Resistance exercise prevents impaired homocysteine metabolism and hepatic redox capacity in Walker-256 tumor-bearing male Wistar rats.

ABSTRACT

OBJECTIVE: The aim of this study was to investigate changes in homocysteine (Hcy) metabolism and redox balance in response to exercise treatment in a tumor-bearing rat model. METHODS: Male Wistar rats were exposed, or not, to a resistance exercise program 6 wk before inoculation with Walker-256 tumor cells or vehicle. After application, rats maintained their routine for 12 d and were then sacrificed for plasma and liver analyses.

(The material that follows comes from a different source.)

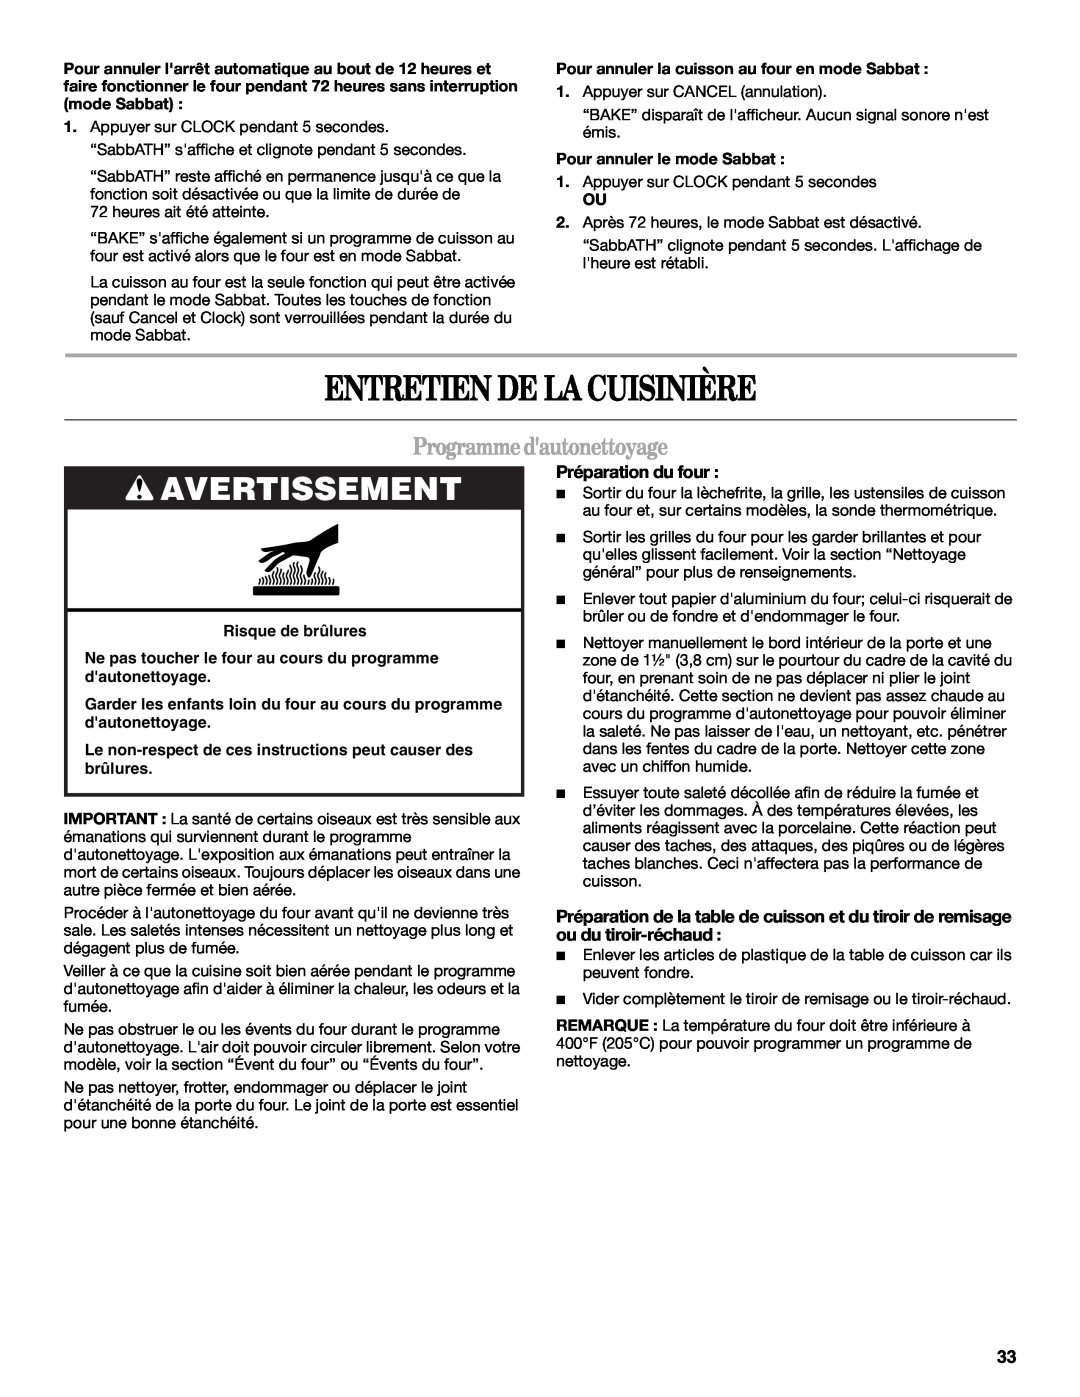 Whirlpool GY397LXUQ manual Entretien De La Cuisinière, Programmedautonettoyage, Préparation du four, Risque de brûlures 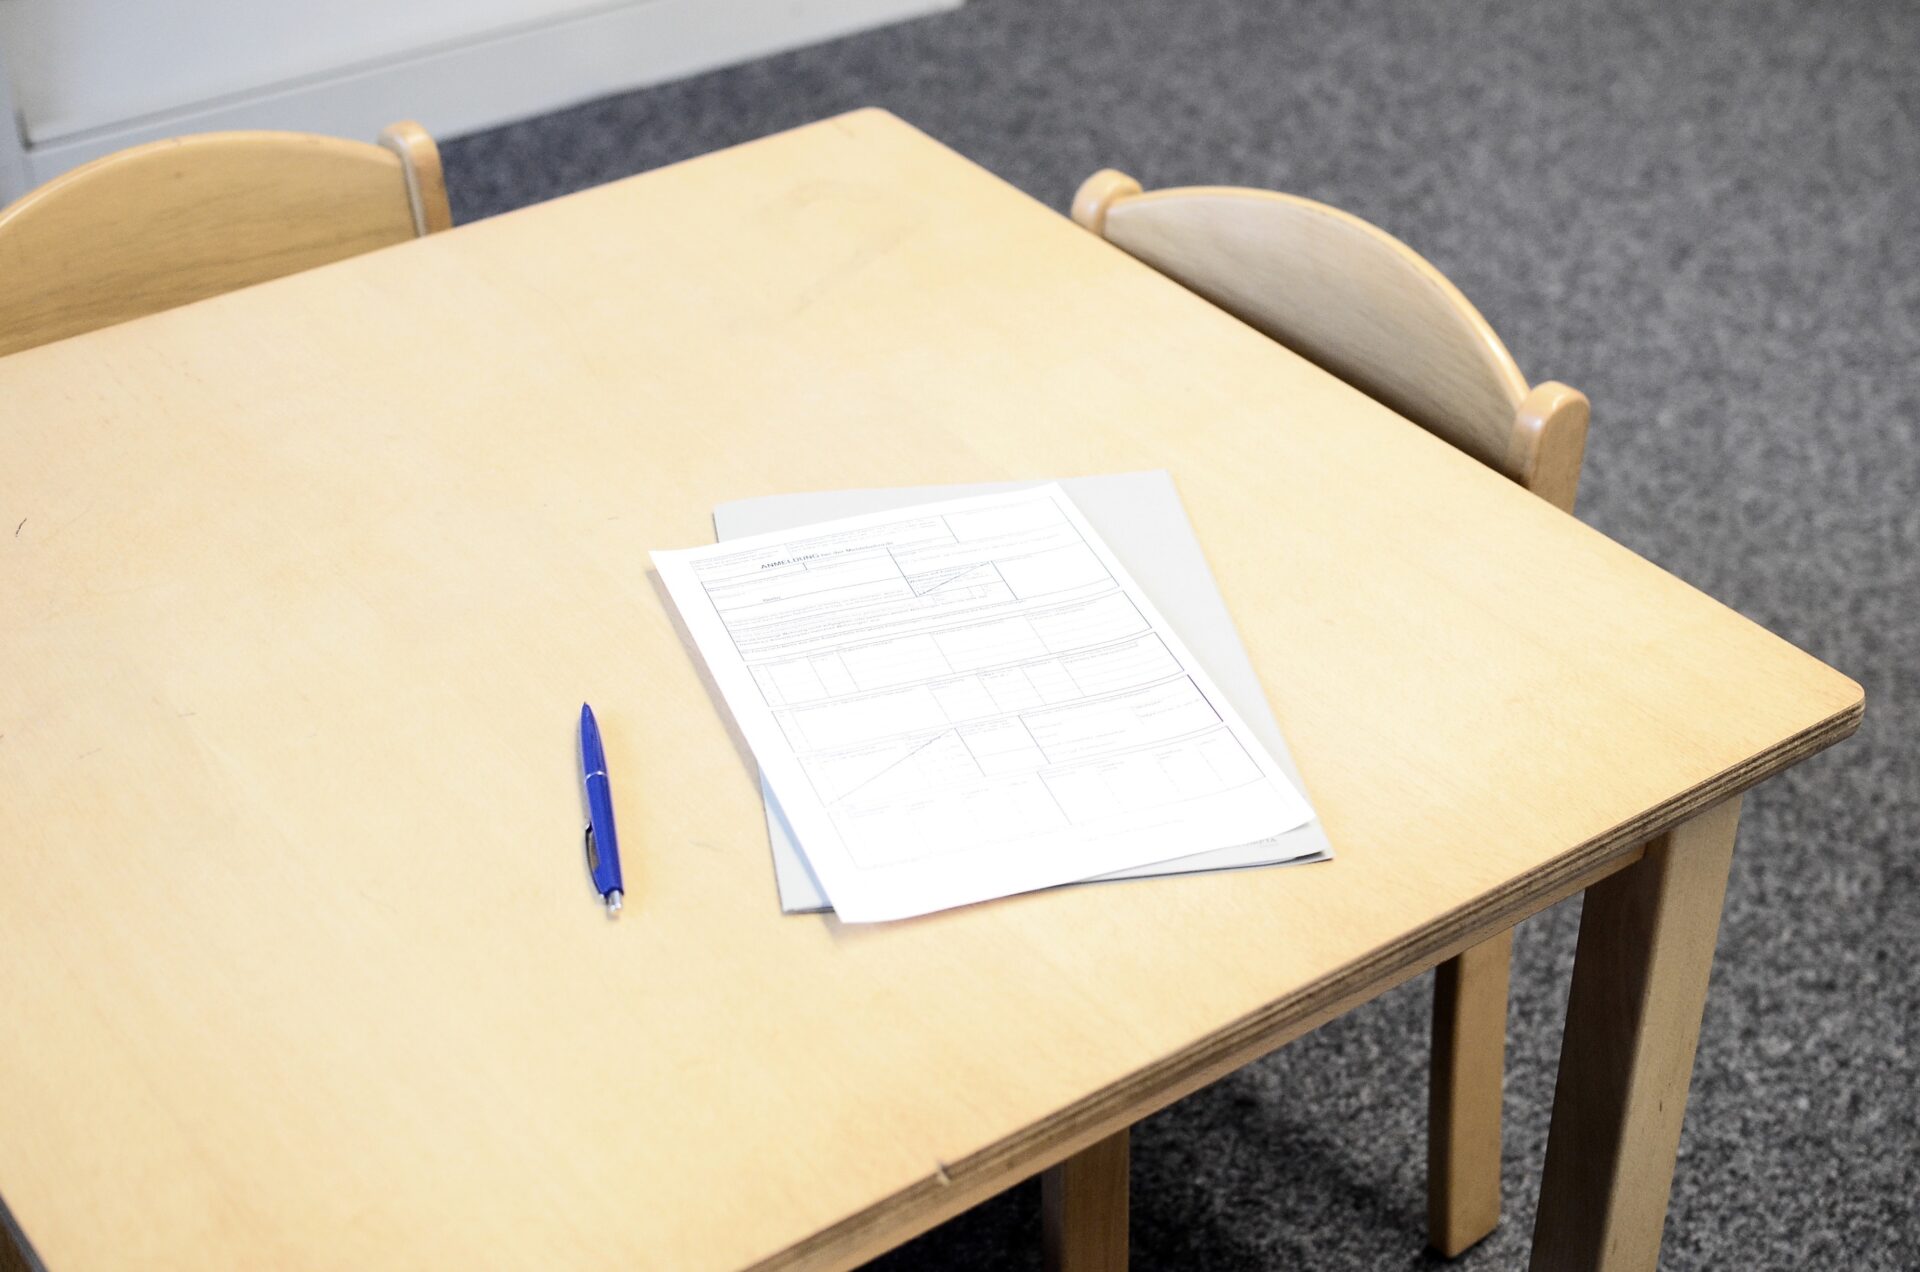 szkolny stolik z arkuszem sprawdzianu i długopisem

RESULTS: Impaired Hcy metabolism was evident after 12 d of tumor cell inoculation as demonstrated by significantly increased (P < 0.05) plasma total homocysteine (tHcy) concentration (53%) and decreased plasma cysteine, methionine, and vitamin B12 concentrations. Decreased hepatic cystathionine ß-synthase (CBS) and betaine-homocysteine S-methyltransferase mRNA levels were found in tumor-bearing rats but not in controls. Tumor inoculation also decreased levels of liver reduced glutathione (GSH) and increased hepatic oxidative stress compared with non-tumor controls. However, resistance exercise prevented the tumor-impaired transsulfuration pathway as demonstrated by the decreased plasma tHcy, hepatic CBS expression, and increased GSH in tumor-exercised versus tumor-sedentary rats. Remarkably, all measures of liver oxidative stress were suppressed by exercise training. Tumor weight was unchanged between groups. CONCLUSION: Resistance exercise prevented tHcy accumulation and liver oxidative damage caused by Walker-256 tumor cell inoculation; the modulatory effects of resistance exercise on Hcy metabolism appear to be at the level of transsulfuration pathway.